Facebook wants machines to see the world through our eyes
For the past two years, Facebook AI Research (FAIR) has worked with 13 universities around the world to gather the most first-person video data-especially to train models to recognize in-depth image awareness. Dataset -trained AIs may be better at controlling robots that communicate with humans, or interpreting images from smart glasses. “Machines help us in everyday life if they really know the world through our eyes,” said Kristen Grauman of FAIR, who led the project.
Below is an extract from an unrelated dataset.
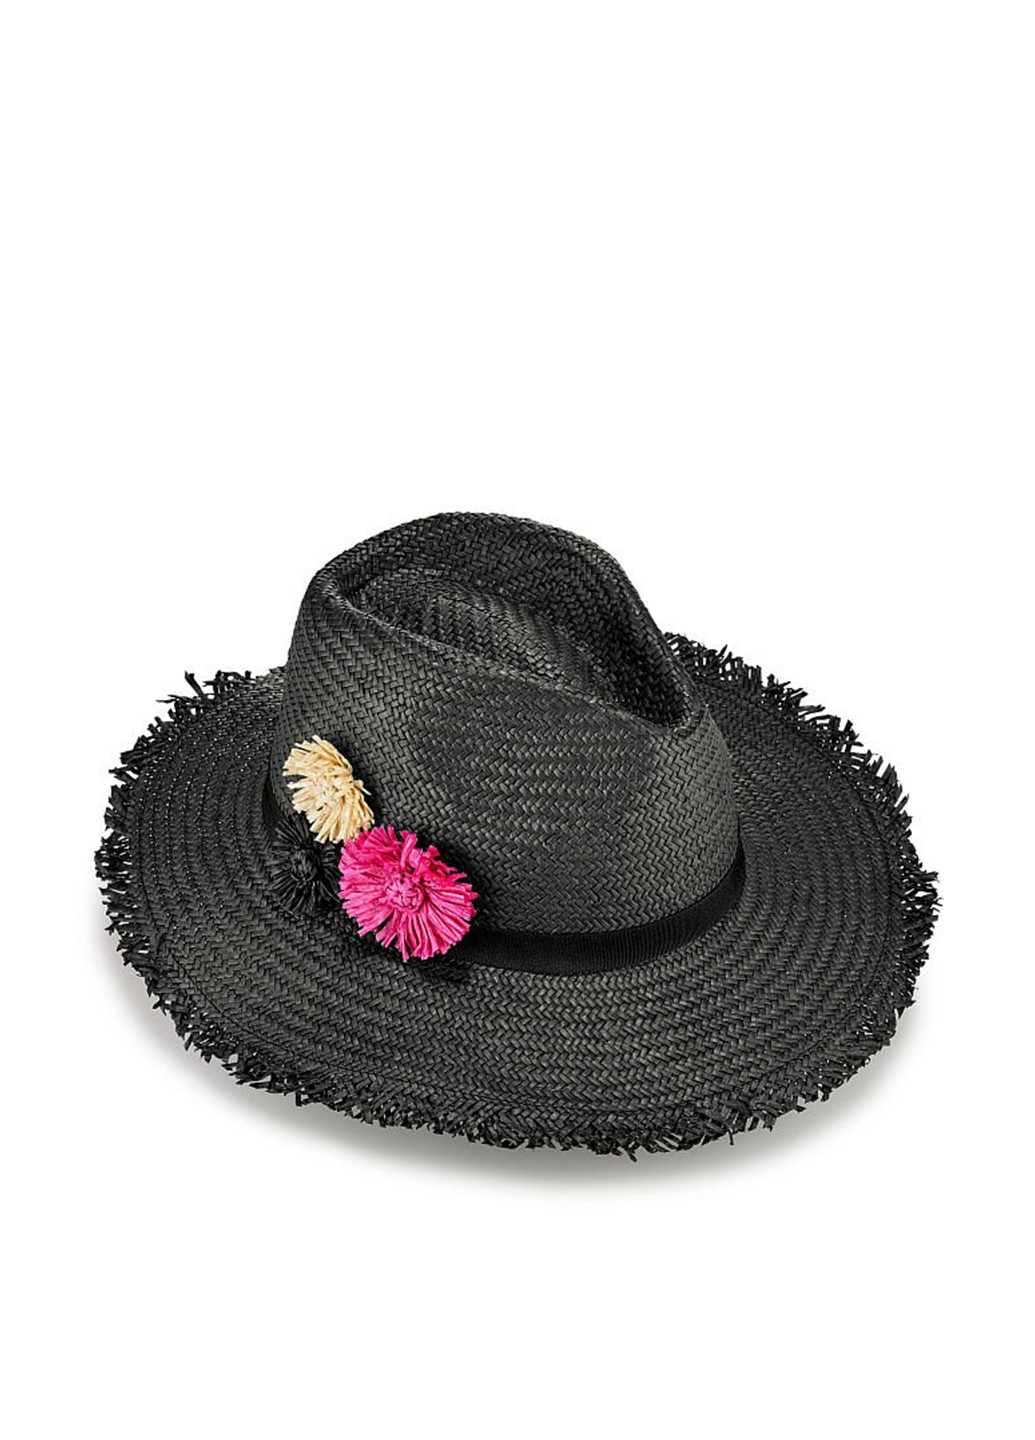 Шляпа Victoria's Secret федора однотонная чёрная пляжная бумага

Such tech can support people who need help inside the home, or guide people through tasks they know they can complete. “The video in this dataset is much closer to how people observe the world,” said Michael Ryoo, a computer vision researcher at Google Brain and Stony Brook University in New York, who has nothing to do with Ego4D.
But the potential for wrongful abuse is clear and worrying. The research was funded by Facebook, a social media giant recently accused by the Senate of putting profit rather than benefit to the people, a sentiment confirmed by MIT Technology Reviewthe own investigations.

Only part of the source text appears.